* THE PROBLEM *
From the line containing "22 Amazing LinkedIn Stats (SMI)" to the line containing "Platos postre Muschel" in the entries below, reproduce every line exactly, ends included. Nothing else belongs in the copy, and no pictures.
======== ENTRIES PROVIDED ========
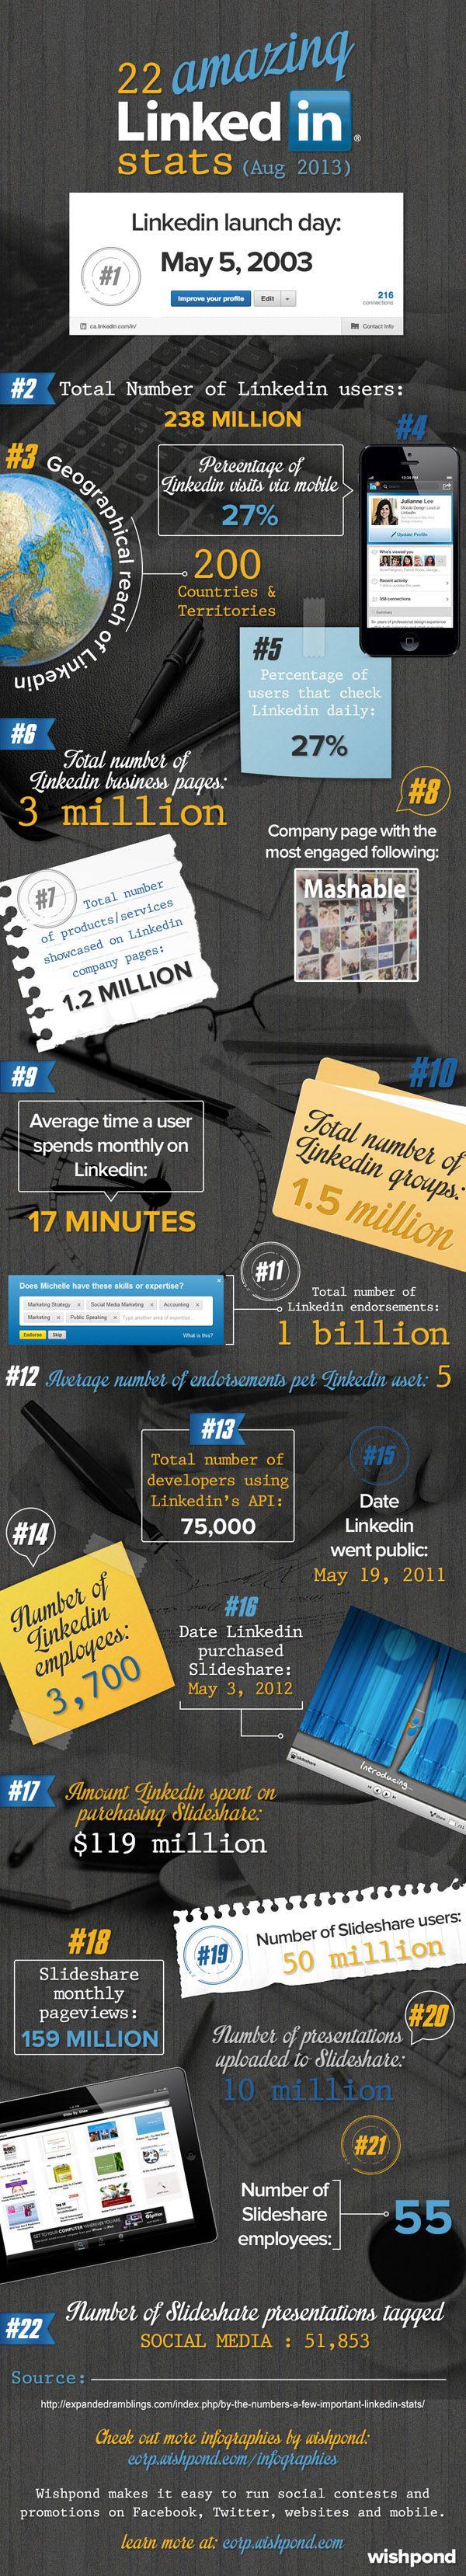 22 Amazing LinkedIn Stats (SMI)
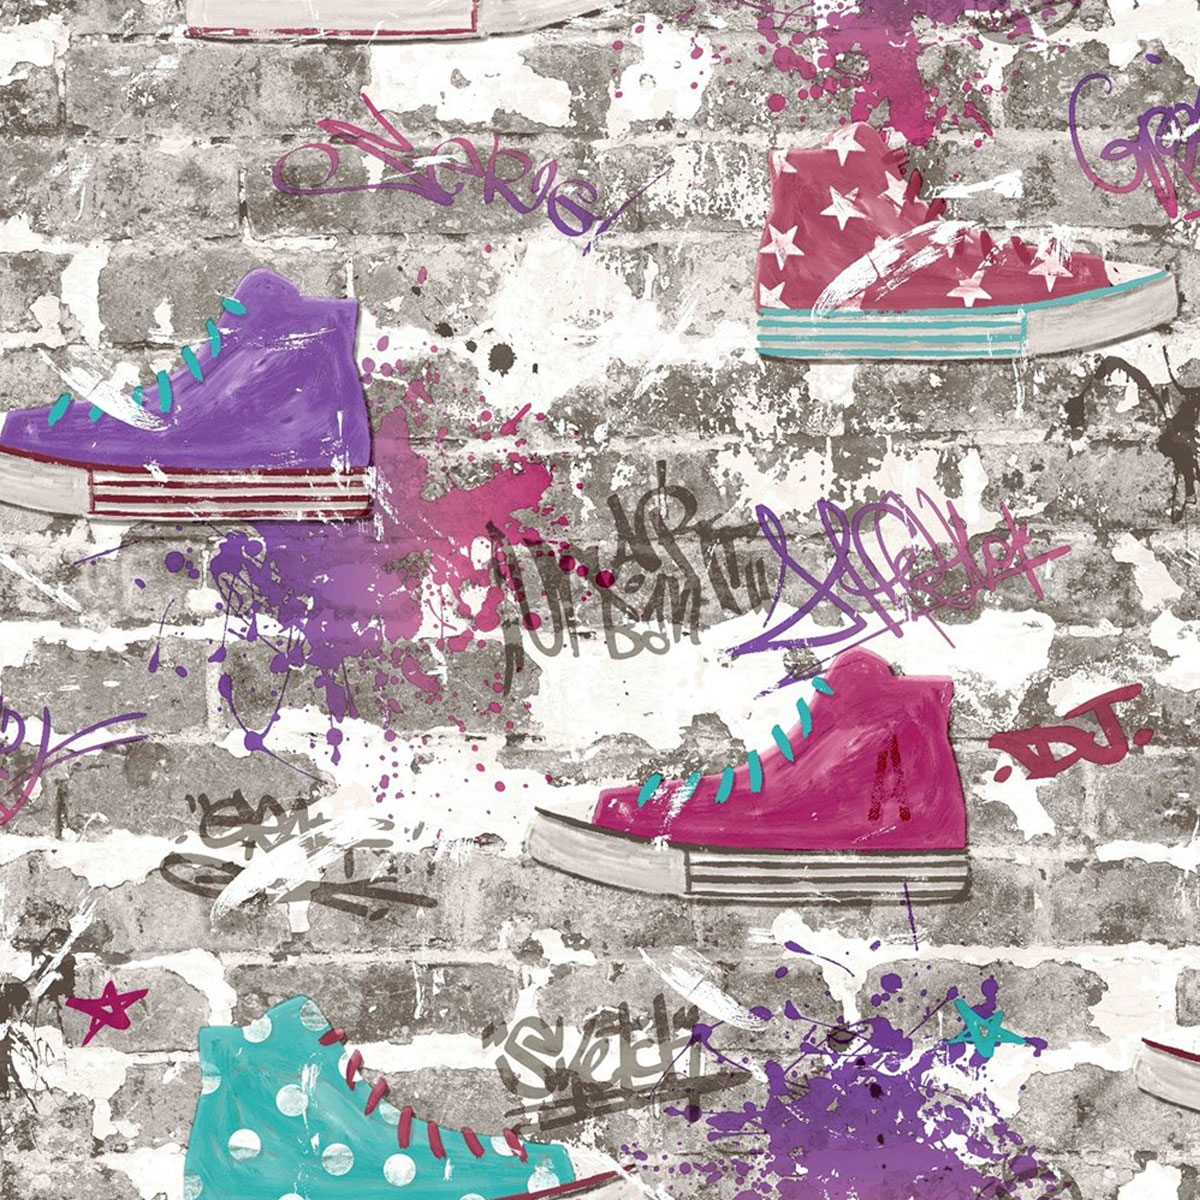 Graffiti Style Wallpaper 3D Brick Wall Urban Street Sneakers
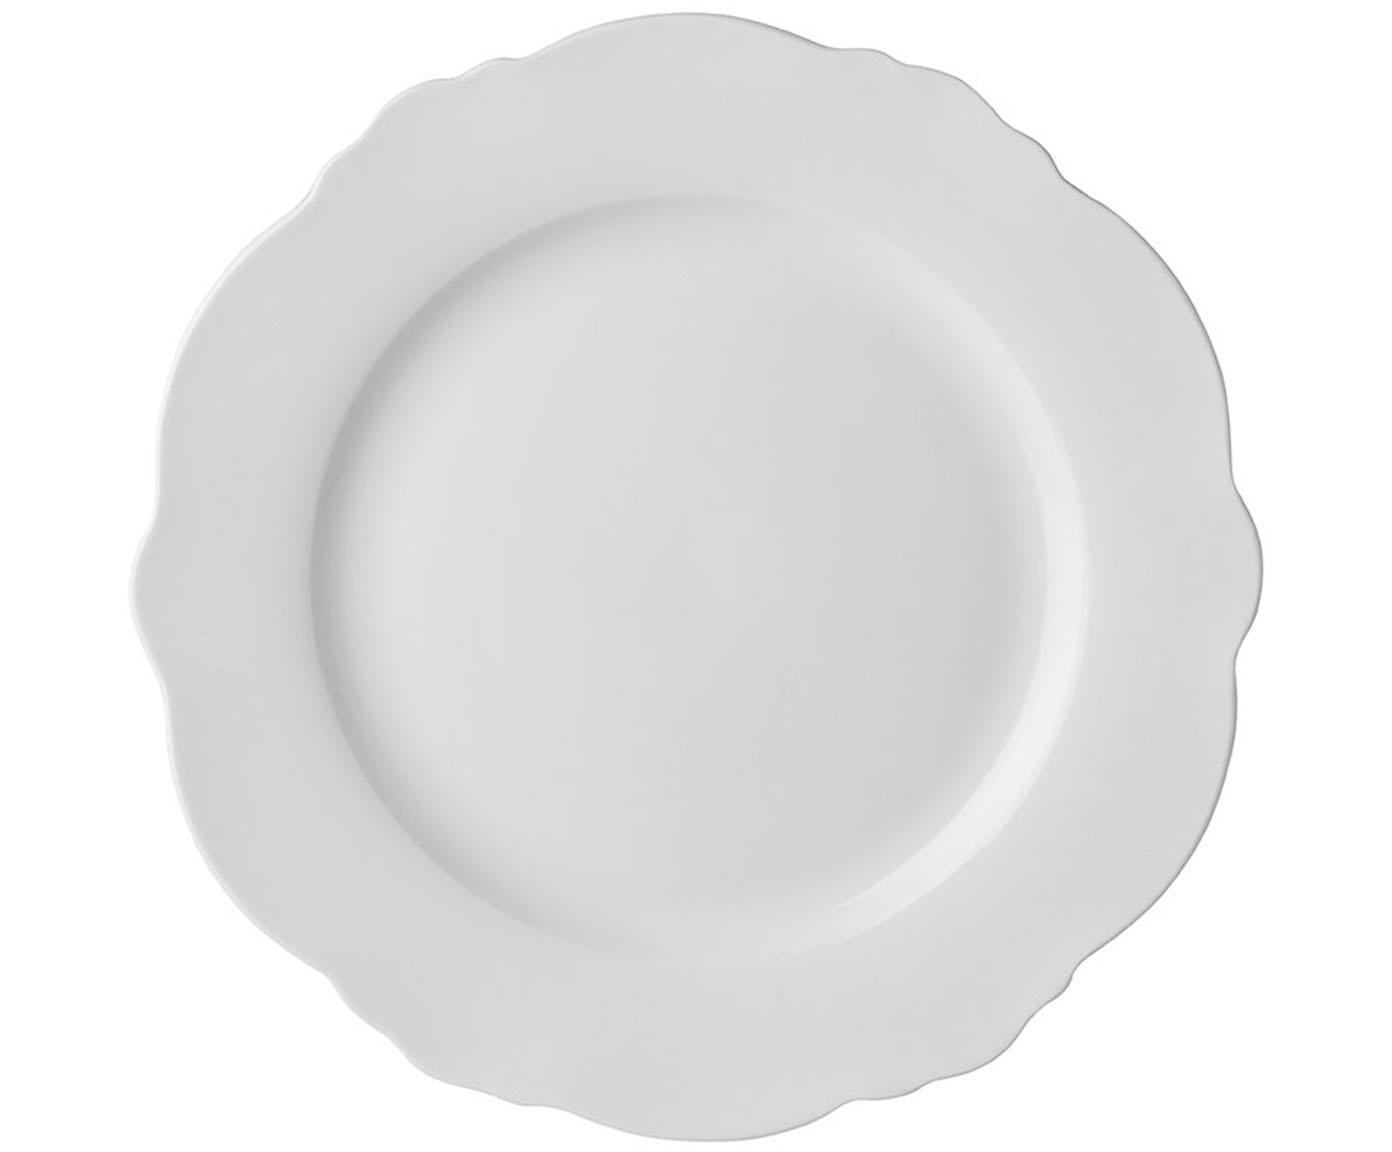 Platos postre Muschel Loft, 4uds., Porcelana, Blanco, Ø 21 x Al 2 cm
========
======== ENTRIES PROVIDED ========
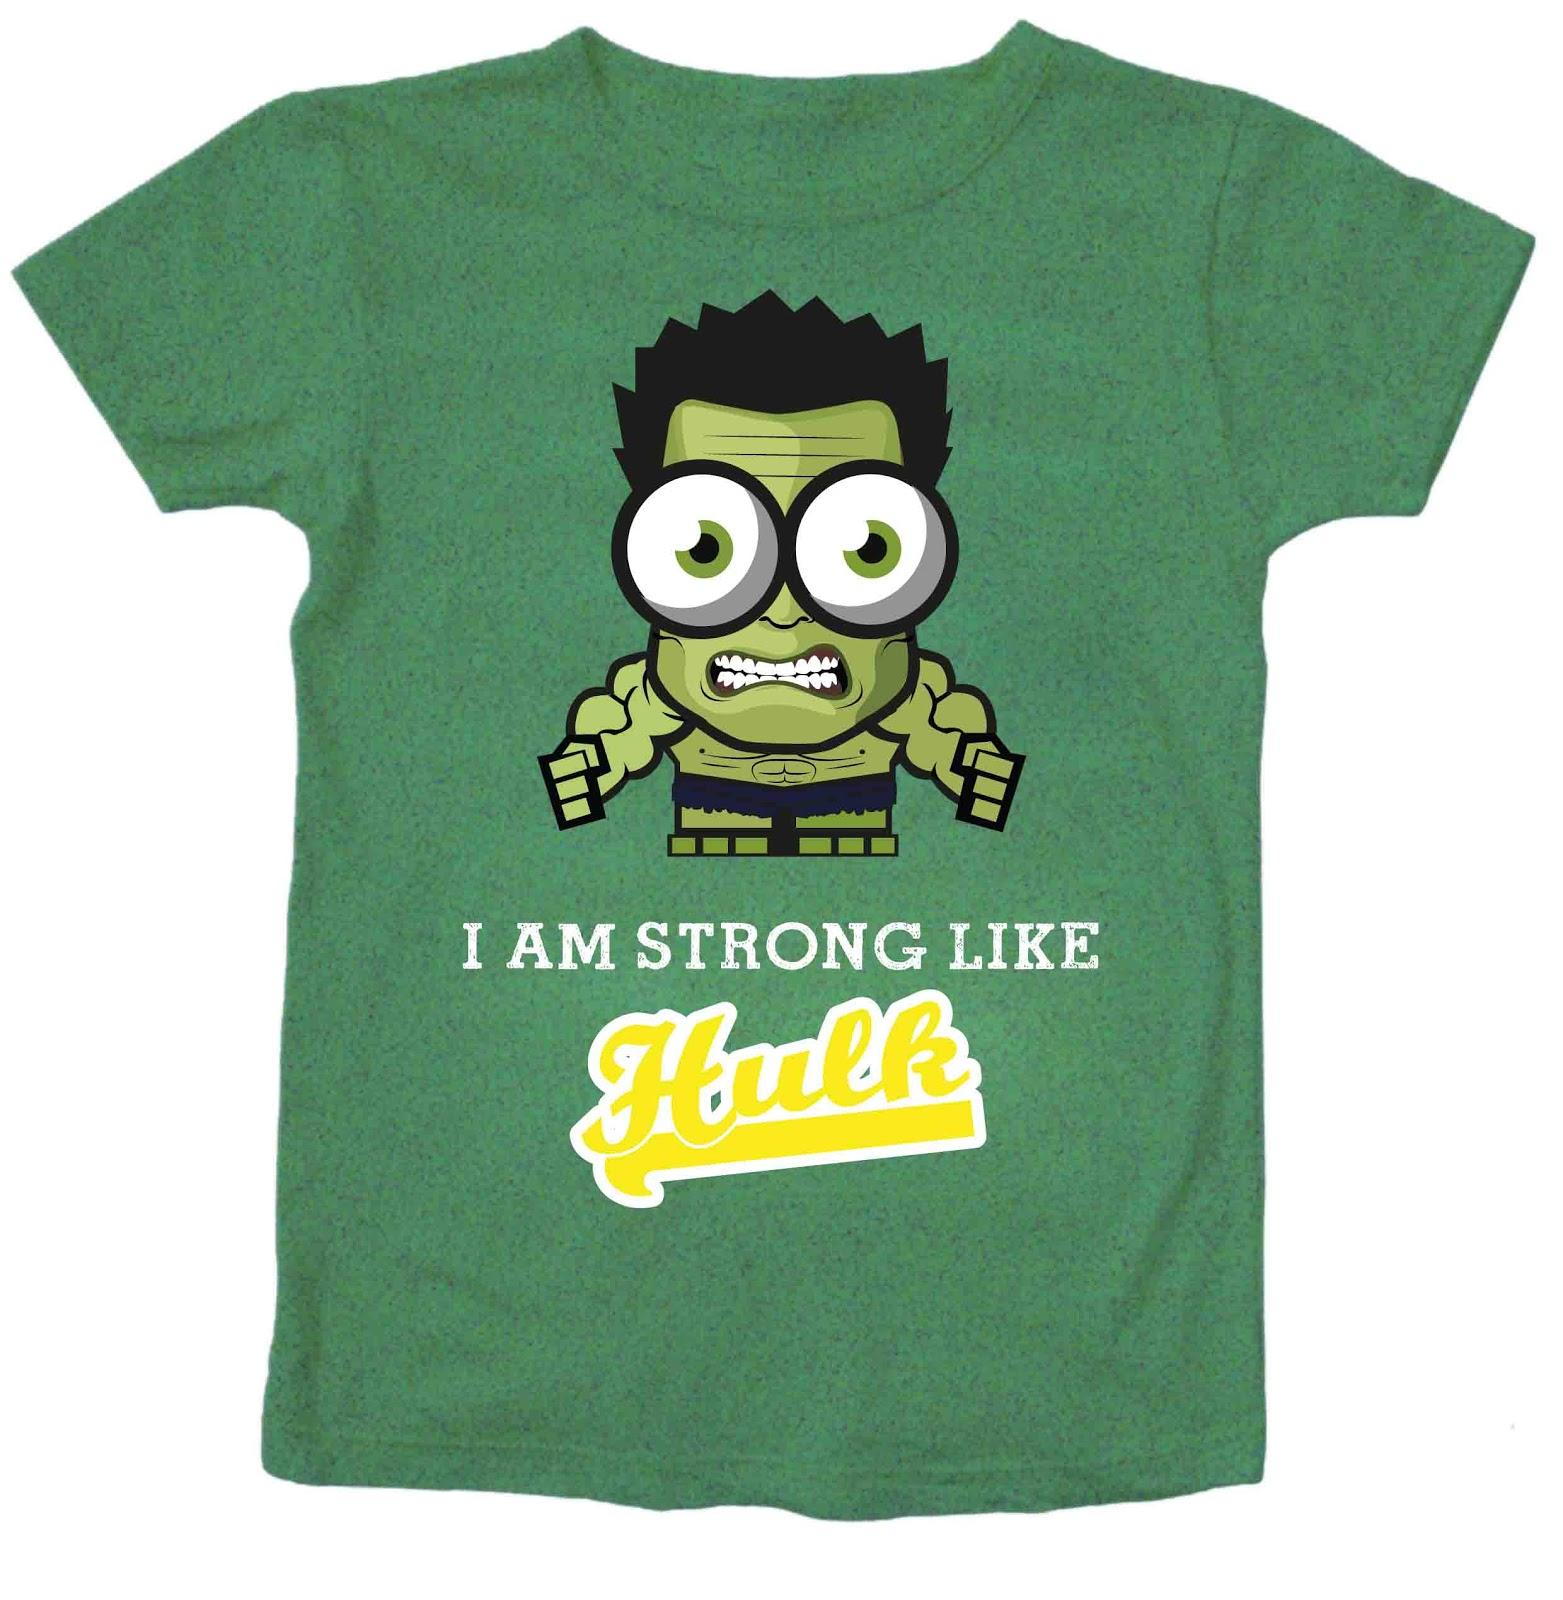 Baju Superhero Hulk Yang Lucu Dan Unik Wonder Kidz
========
======== ENTRIES PROVIDED ========
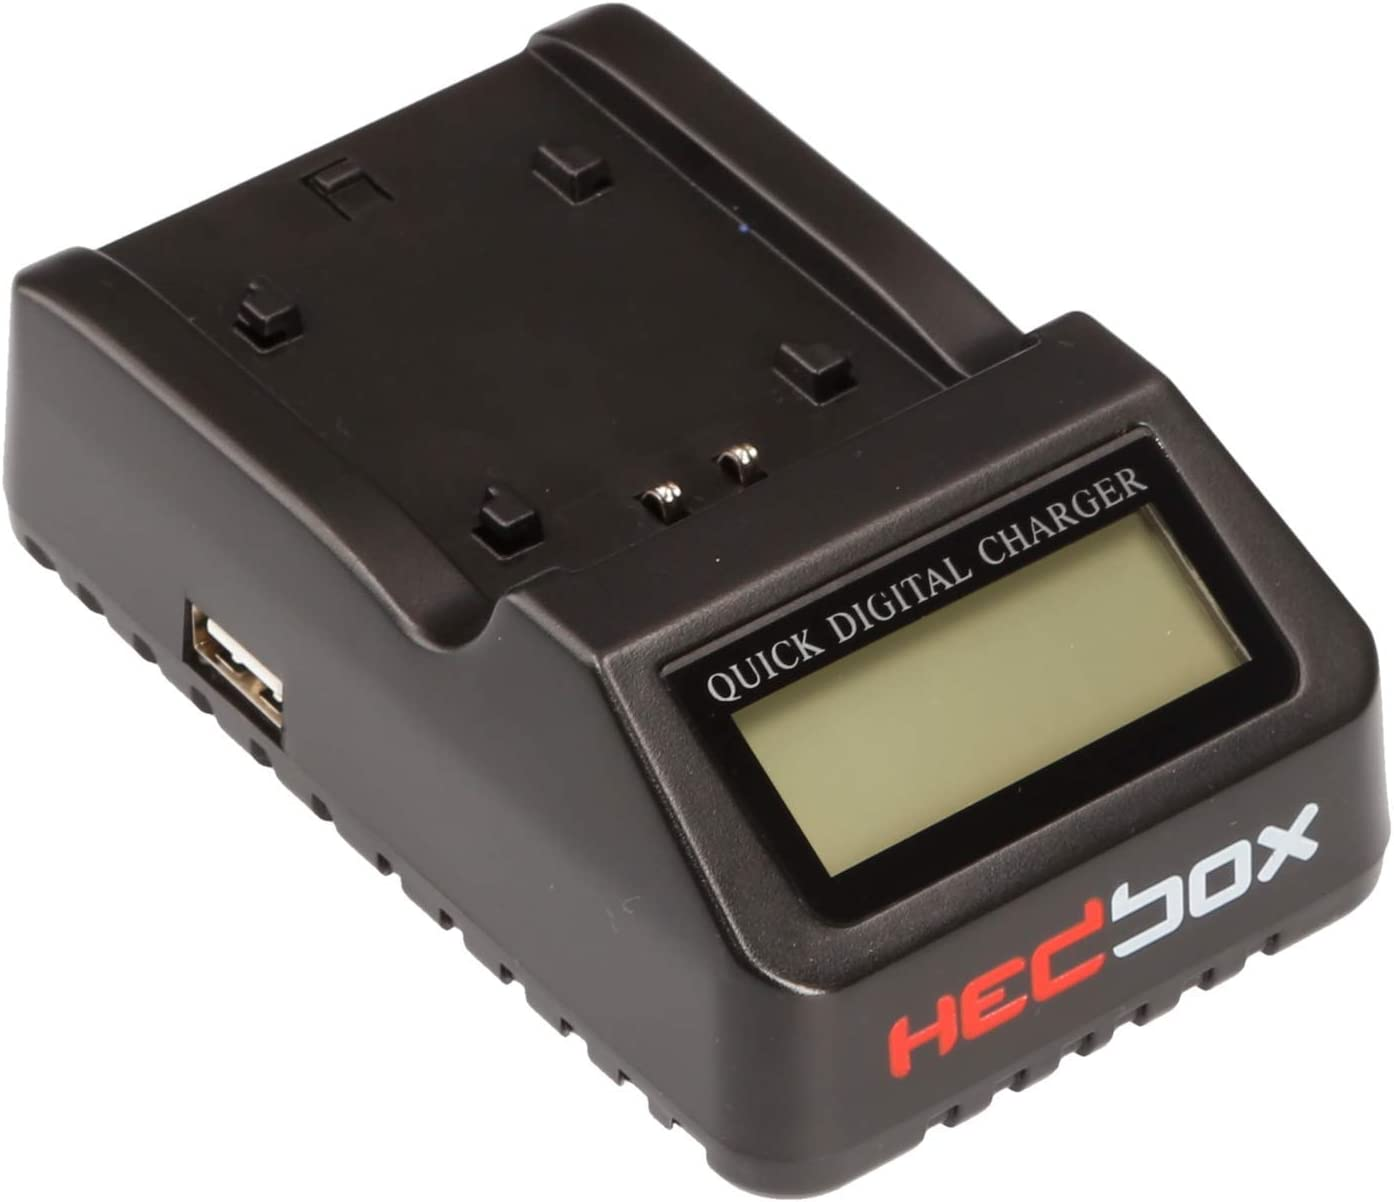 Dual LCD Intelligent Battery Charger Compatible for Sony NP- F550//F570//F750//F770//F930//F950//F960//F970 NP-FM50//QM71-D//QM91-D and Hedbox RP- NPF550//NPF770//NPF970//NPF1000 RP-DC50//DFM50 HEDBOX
========
* TASK OUTPUT *
 22 Amazing LinkedIn Stats (SMI)
 Graffiti Style Wallpaper 3D Brick Wall Urban Street Sneakers
 Platos postre Muschel Loft, 4uds., Porcelana, Blanco, Ø 21 x Al 2 cm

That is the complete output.